Exercise requirements:
Everything from the first line of the data through the line with "A Bunny Cotton Candy Tale" is to be echoed exactly, minus the pictures.

Data segment:
^^^^

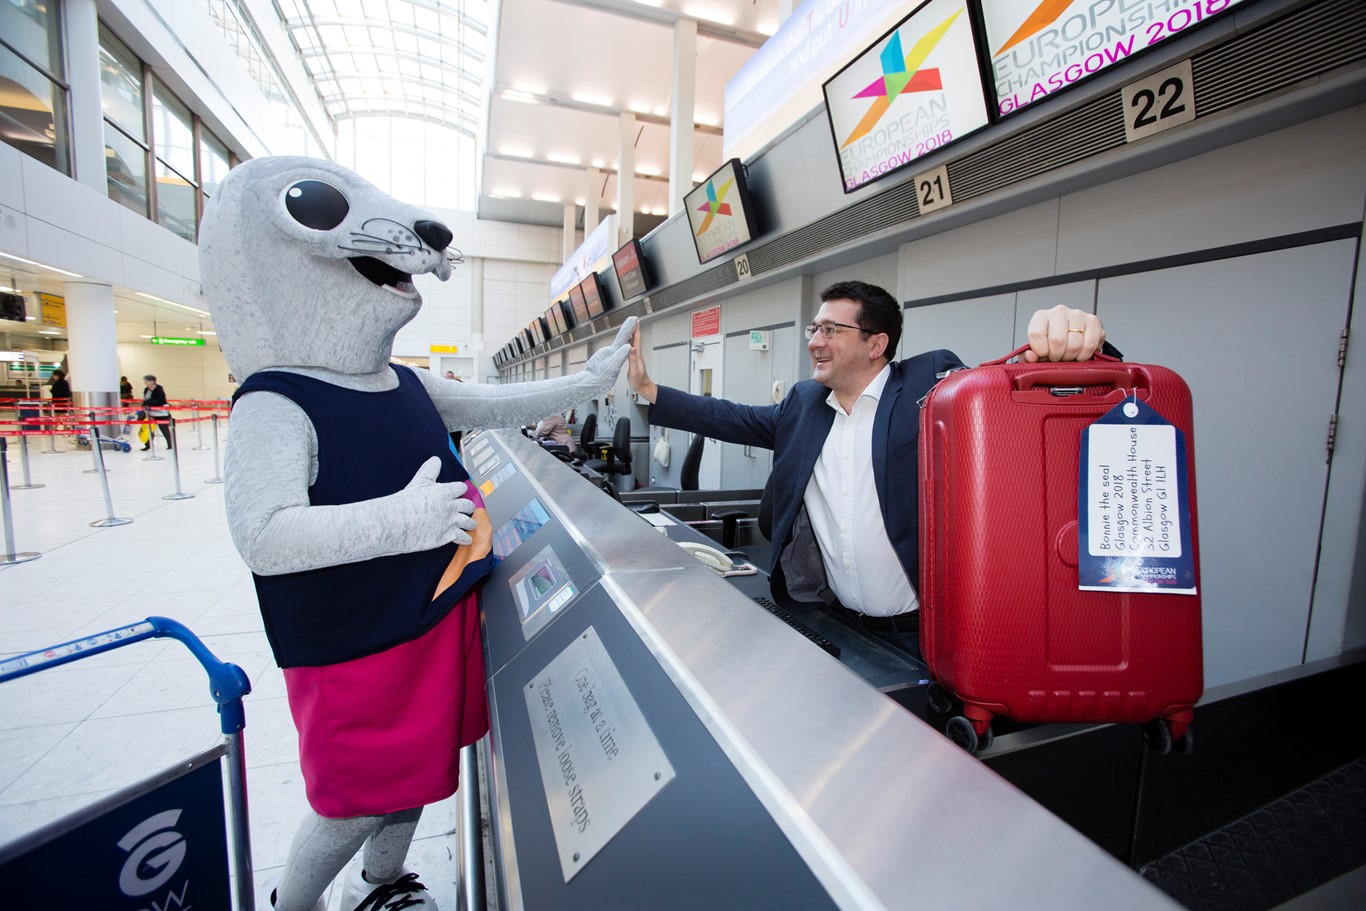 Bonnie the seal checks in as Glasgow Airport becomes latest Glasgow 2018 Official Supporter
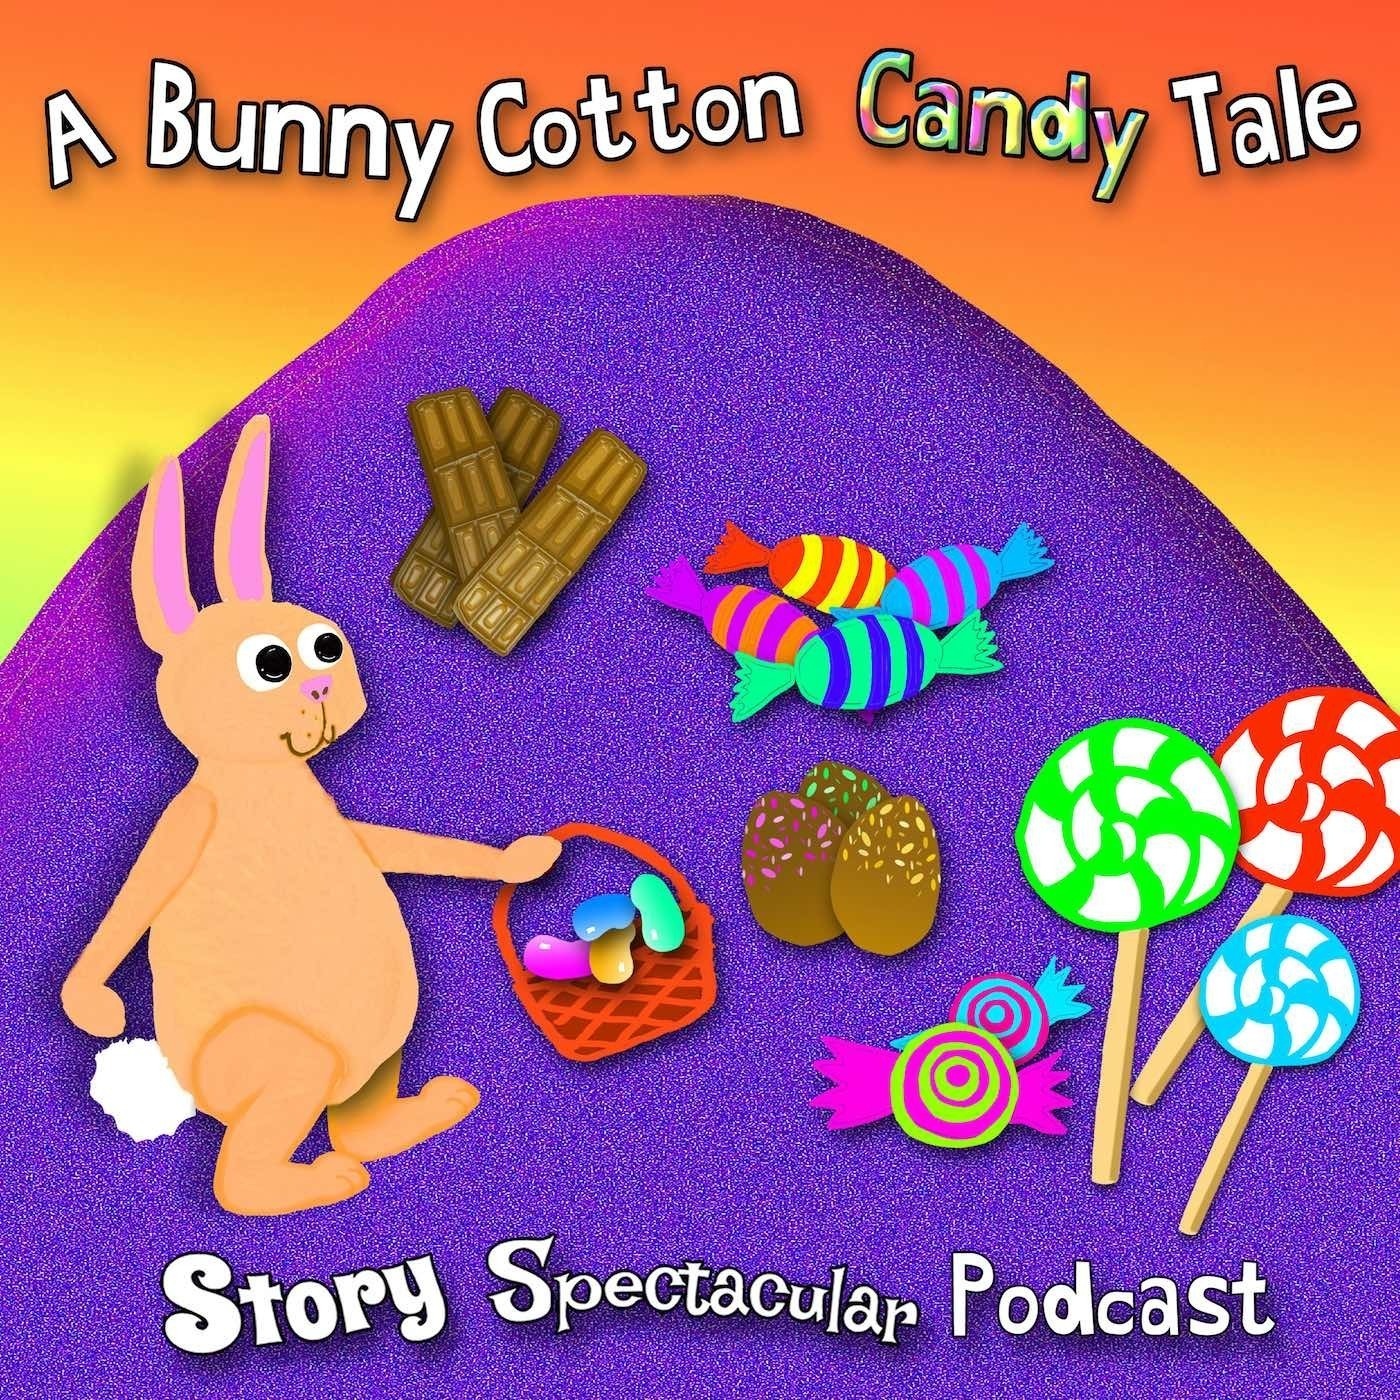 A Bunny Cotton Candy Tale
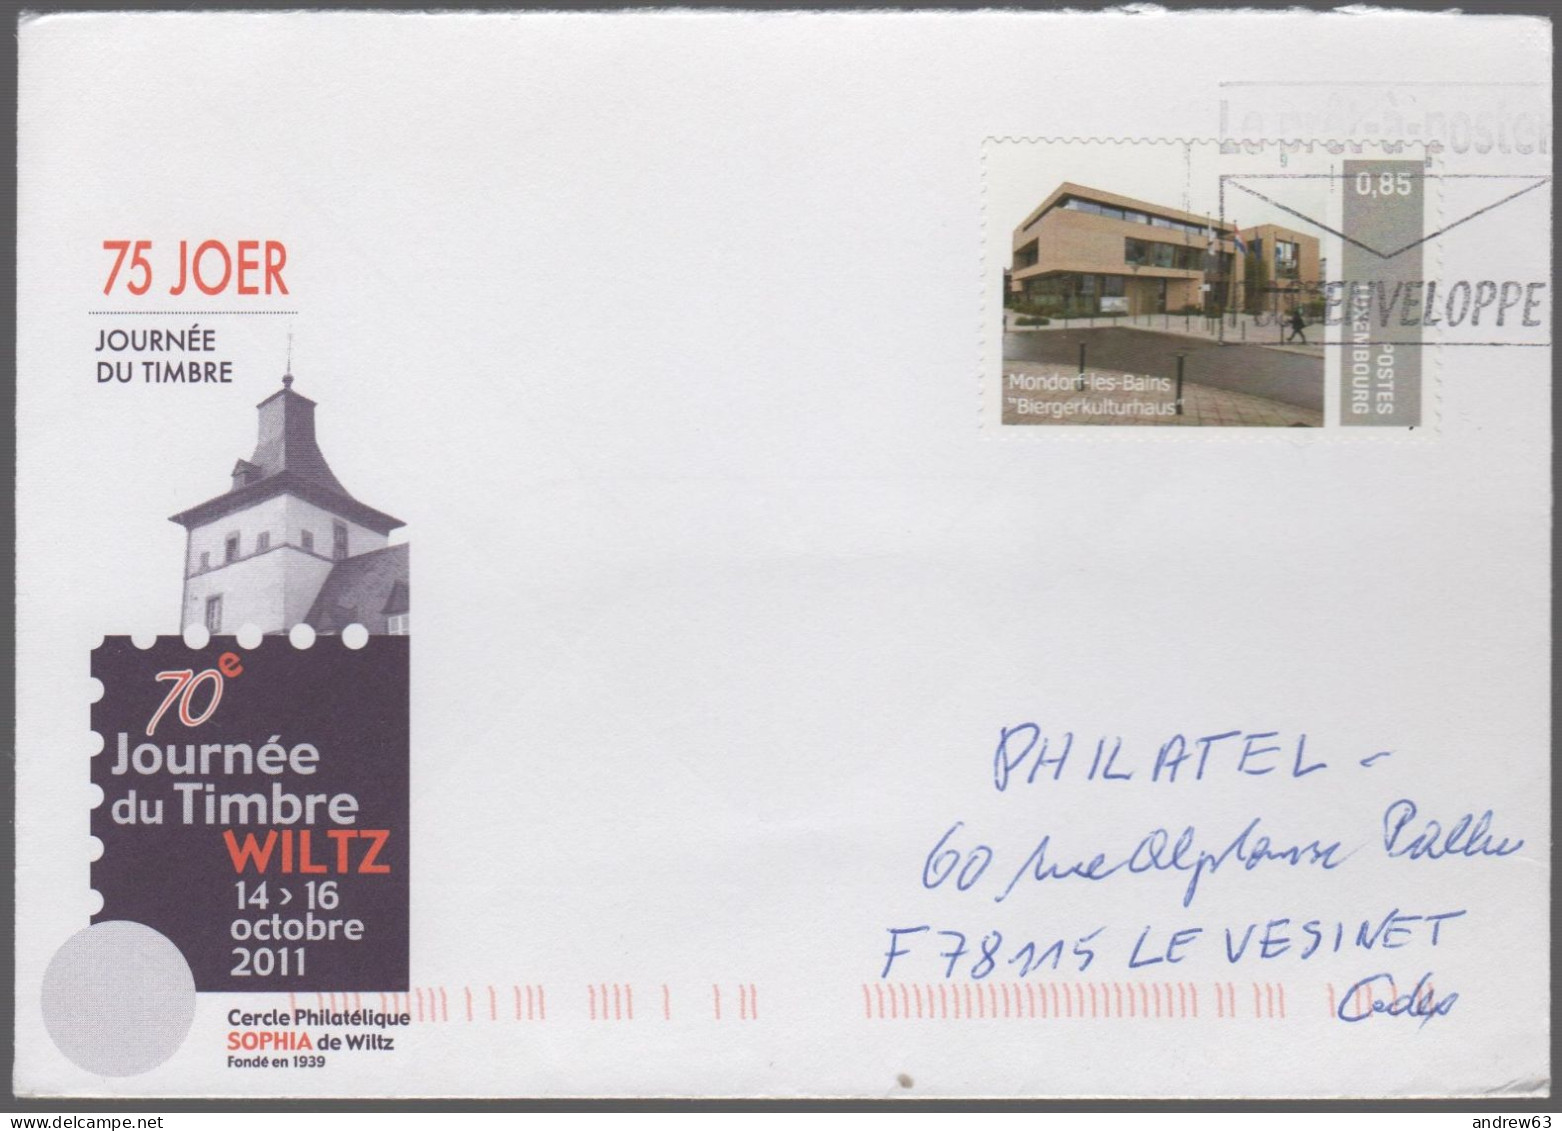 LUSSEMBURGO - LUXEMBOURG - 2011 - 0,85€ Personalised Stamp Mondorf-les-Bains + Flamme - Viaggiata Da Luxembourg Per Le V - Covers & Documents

^^^^

The answer:
 Bonnie the seal checks in as Glasgow Airport becomes latest Glasgow 2018 Official Supporter
 A Bunny Cotton Candy Tale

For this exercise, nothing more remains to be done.